Background[1-3]
Human platelet-type phosphofructokinase (PFKP) ELISA kit uses a double-antibody one-step sandwich method enzyme-linked immunosorbent assay (ELISA). To the microwells pre-coated with human platelet-type phosphofructokinase (PFKP) capture antibody, add specimen, standard, and HRP-labeled detection antibody in sequence, incubate and wash thoroughly. The substrate TMB is used for color development. TMB is converted into blue under the catalysis of peroxidase, and converted into the final yellow under the action of acid. The depth of the color is positively correlated with the human platelet-type phosphofructokinase (PFKP) in the sample. Use a microplate reader to measure the absorbance (OD value) at a wavelength of 450 nm and calculate the sample concentration.
Operation steps
1. Dilute the antibody to 1-10ug/ml with buffer. Add 0.1ml to the reaction well and keep overnight at 4°C. The next day, discard the solution in the wells and wash three times with washing buffer.
2. Add sample: Add 0.05ml of a certain dilution of the sample to be tested into the coated reaction well, and incubate at 37°C for 1 hour. Then wash (make blank holes, negative control holes and positive control holes at the same time).
3. Add enzyme-labeled antibody: Add 0.05ml of freshly diluted enzyme-labeled antibody (dilution after titration) to each reaction well. Incubate at 37°C for 0.5 to 1 hour and wash.
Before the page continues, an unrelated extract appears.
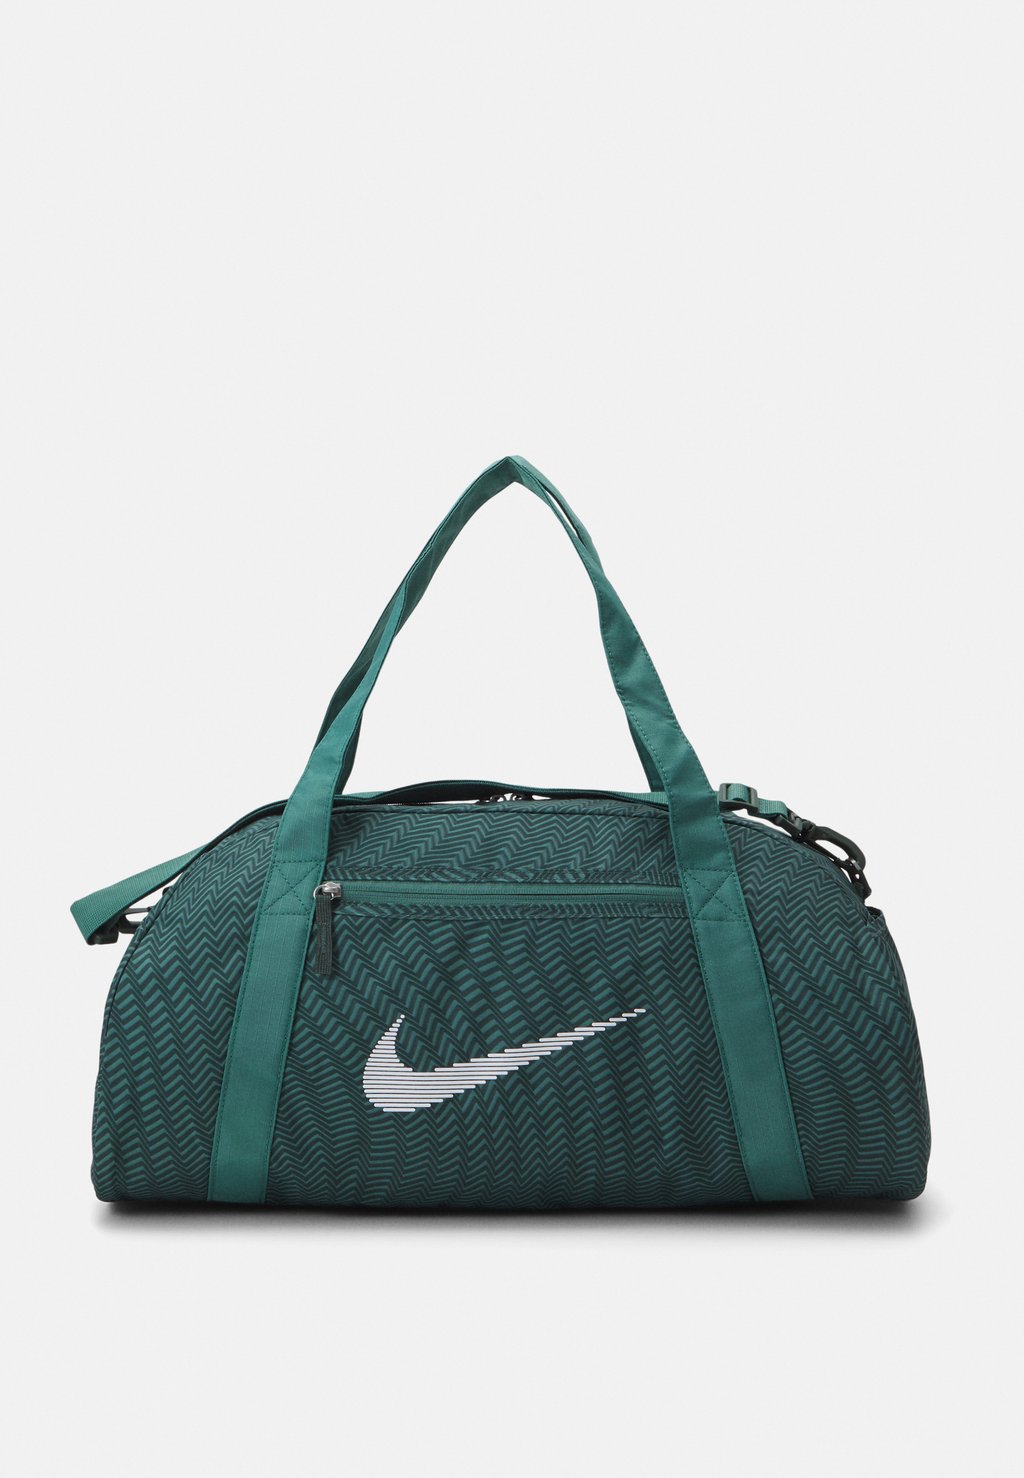 Спортивная сумка GYM CLUB Nike, цвет vintage green/bicoastal/white сумка спортивная nike gym club retro серебристый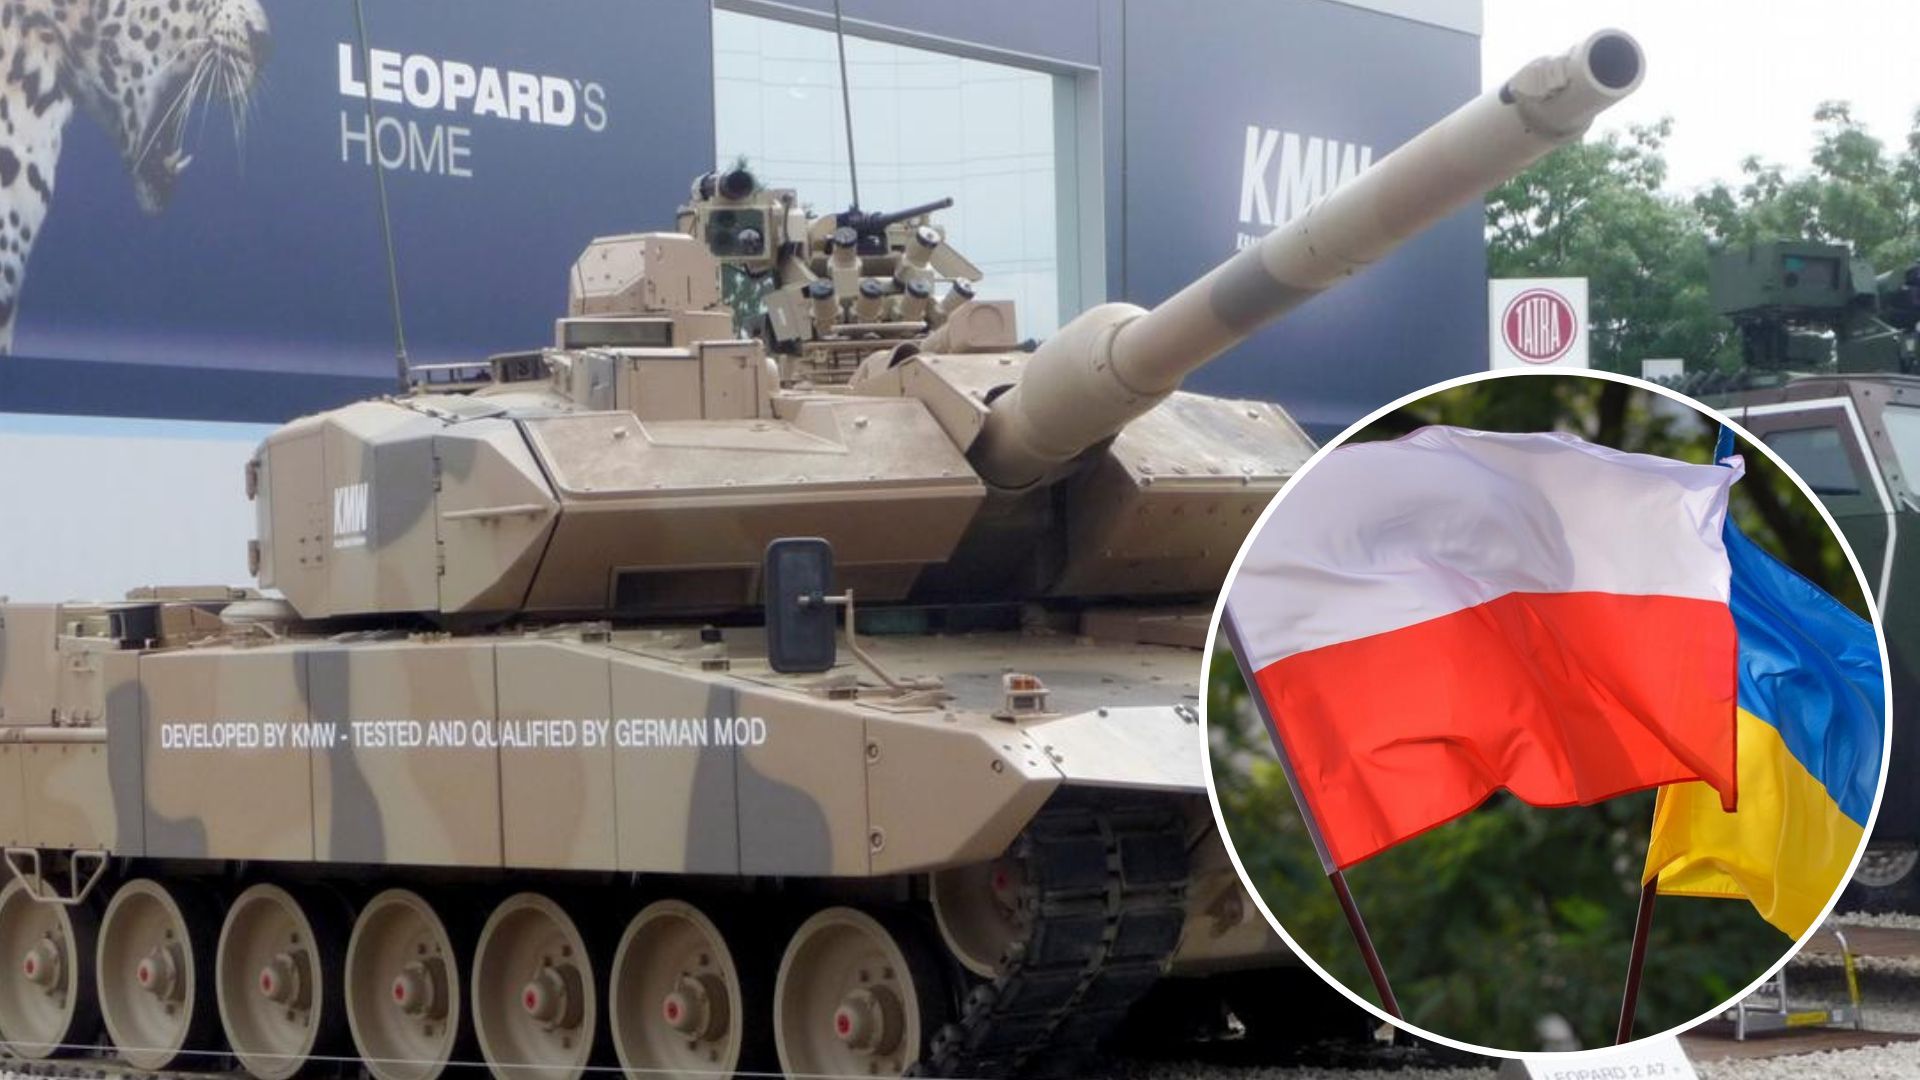 Leopard для України - Польща відправила ще 10 танків - 24 Канал

4. Add substrate solution for color development: Add 0.1 ml of temporarily prepared TMB substrate solution to each reaction well, and incubate at 37°C for 10 to 30 minutes.
5. Terminate the reaction: add 0.05ml of 2M sulfuric acid to each reaction well
6. Result judgment: The results can be observed directly with the naked eye on a white background: the darker the color in the reaction well, the stronger the positive degree. The negative reaction is colorless or extremely light, depending on the depth of the color.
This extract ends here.